### [WHAT YOU ARE ASKED TO DO]
Pictures are to be left out. Return exactly the lines below from the one with "Salade de légumes" up to and including the one with "ساعت مچی عقربه".

RECORDS FOR THE TASK below:

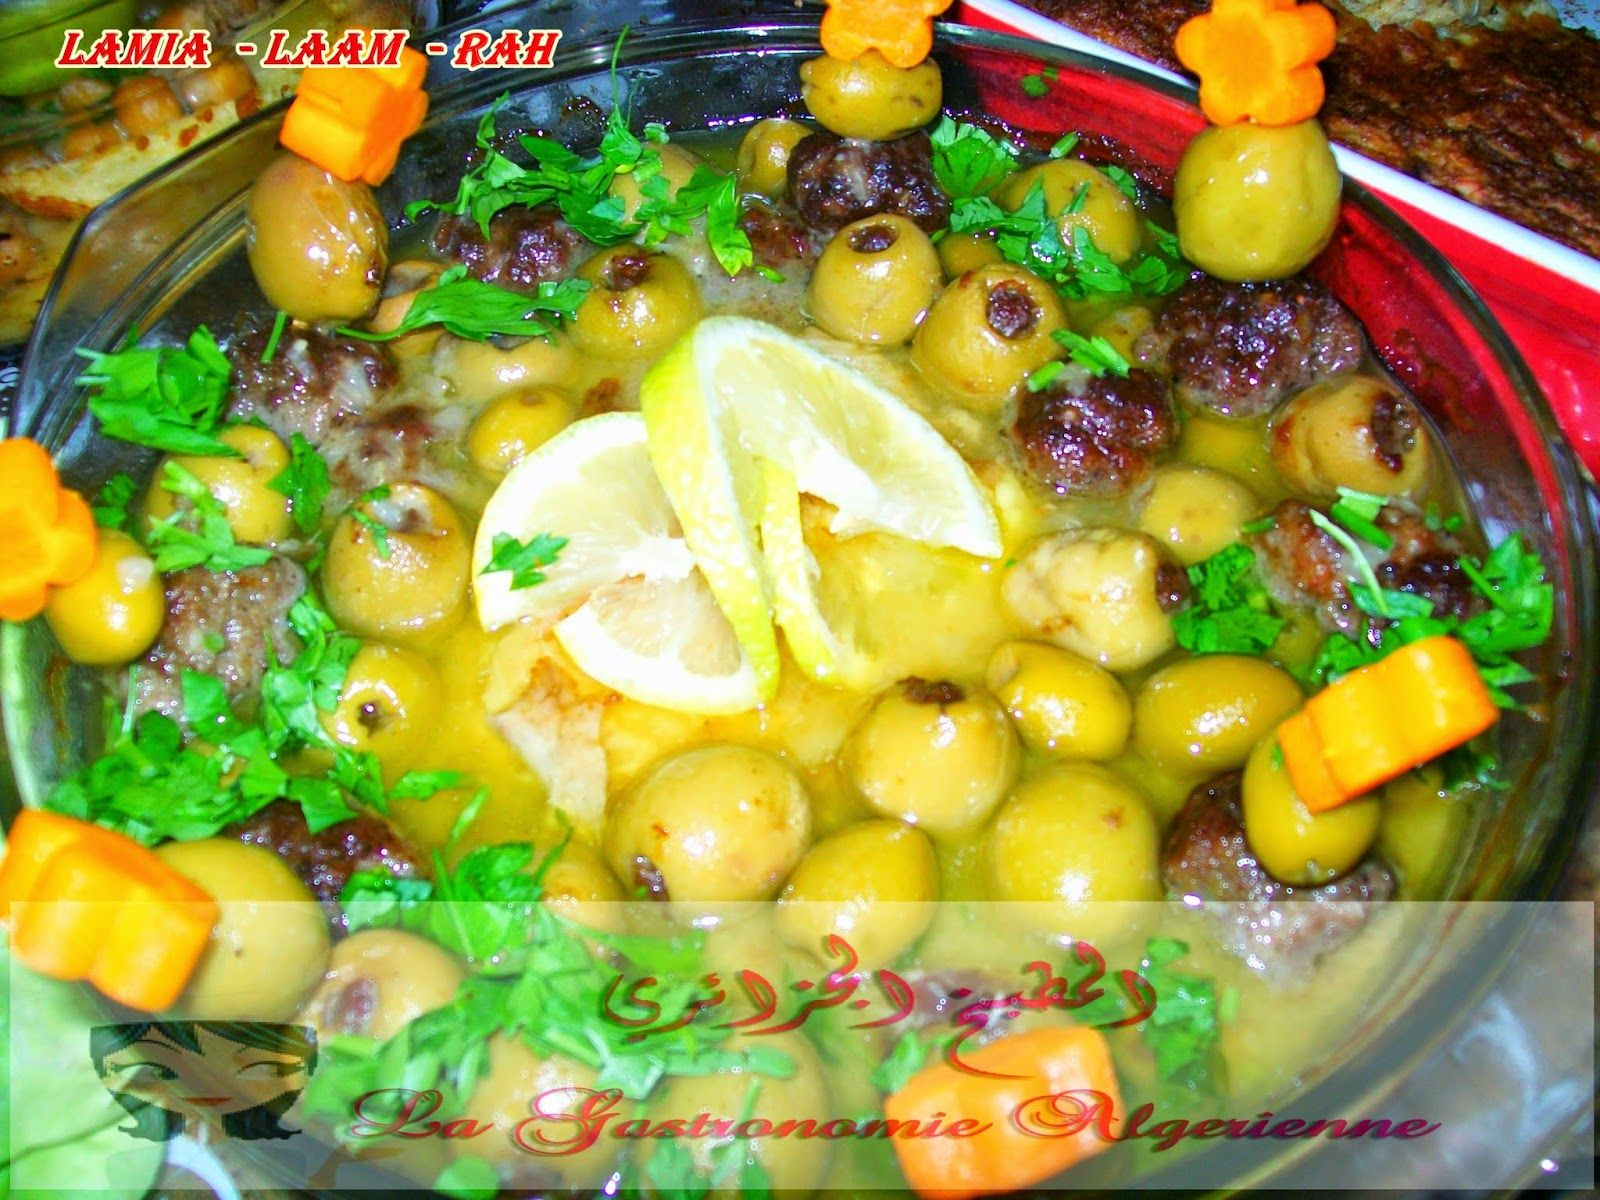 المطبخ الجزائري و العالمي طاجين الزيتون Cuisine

End of RECORDS FOR THE TASK.
RECORDS FOR THE TASK below:

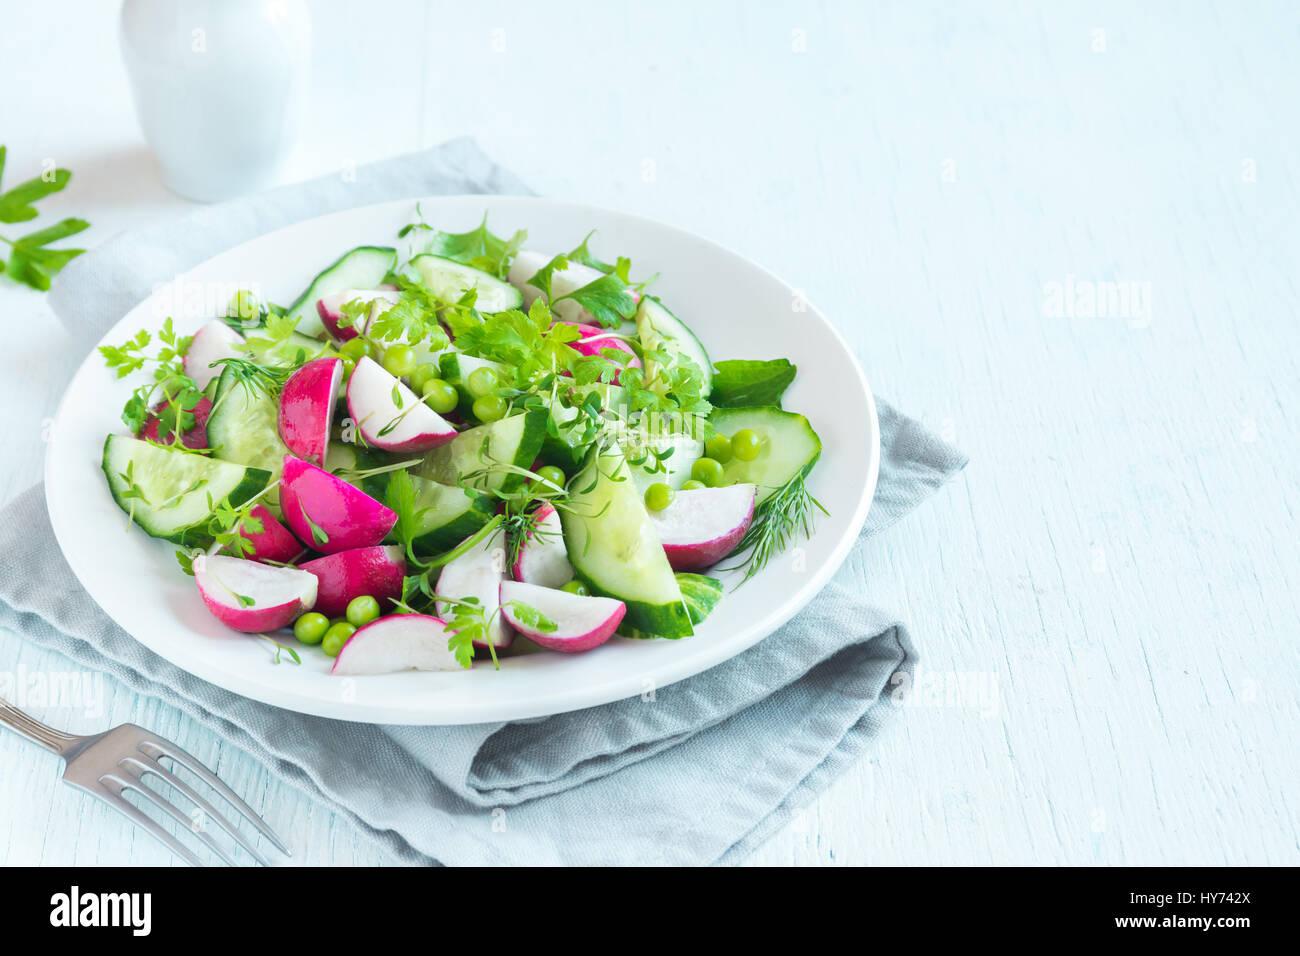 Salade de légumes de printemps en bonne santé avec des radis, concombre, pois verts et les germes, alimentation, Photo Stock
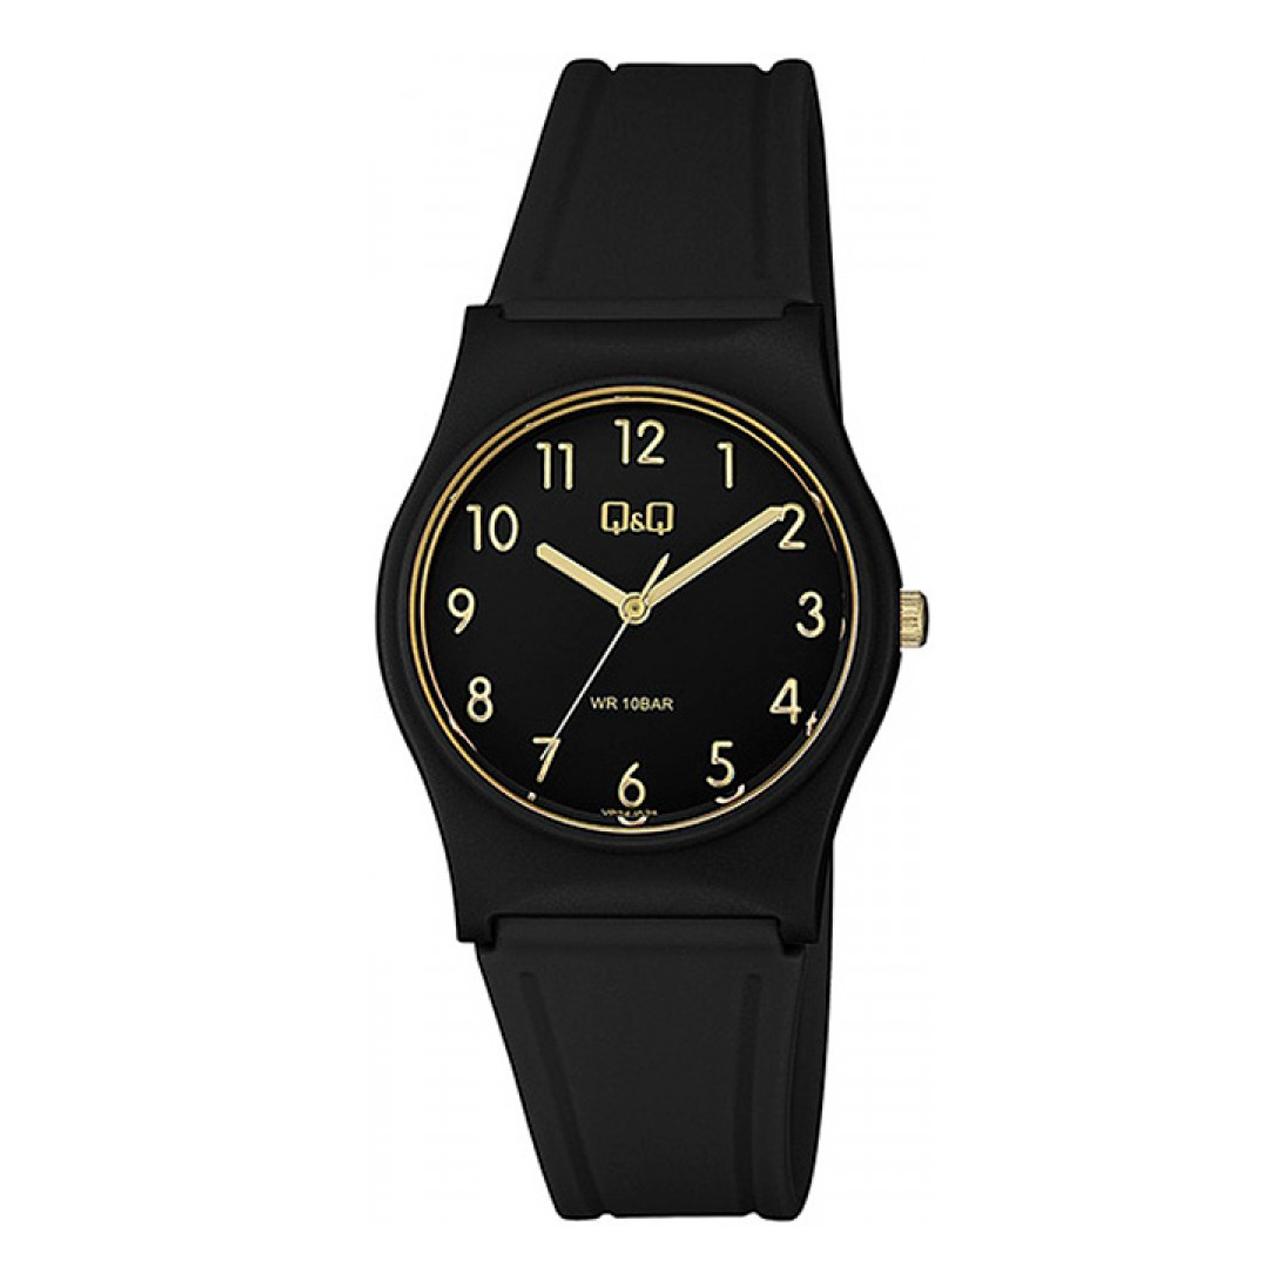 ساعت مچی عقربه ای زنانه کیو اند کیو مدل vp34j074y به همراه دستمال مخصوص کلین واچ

End of RECORDS FOR THE TASK.
RECORDS FOR THE TASK below:

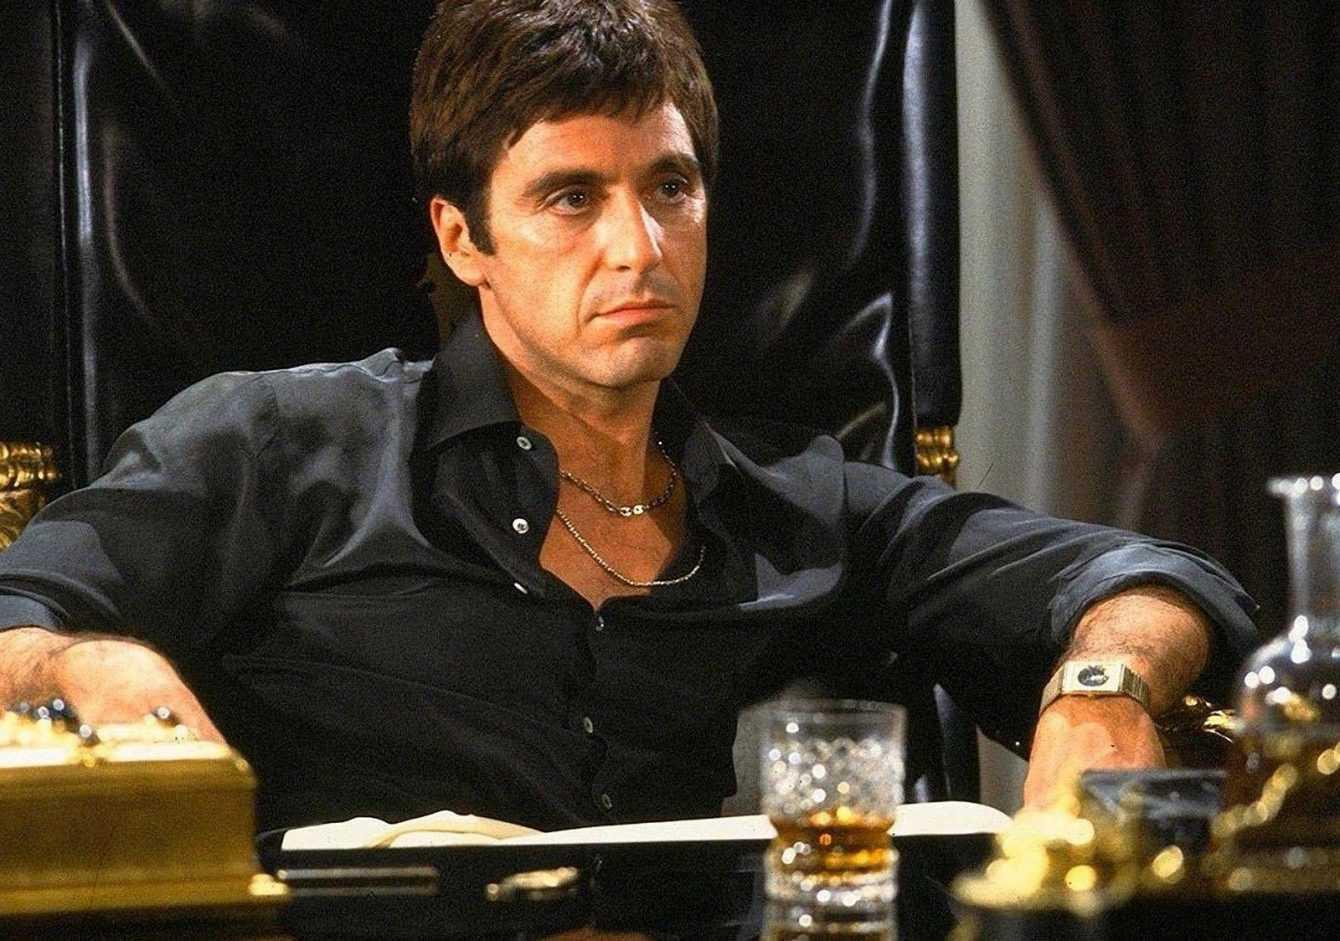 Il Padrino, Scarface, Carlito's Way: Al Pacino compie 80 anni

End of RECORDS FOR THE TASK.

### [EXERCISE RESPONSE]
 Salade de légumes de printemps en bonne santé avec des radis, concombre, pois verts et les germes, alimentation, Photo Stock
 ساعت مچی عقربه ای زنانه کیو اند کیو مدل vp34j074y به همراه دستمال مخصوص کلین واچ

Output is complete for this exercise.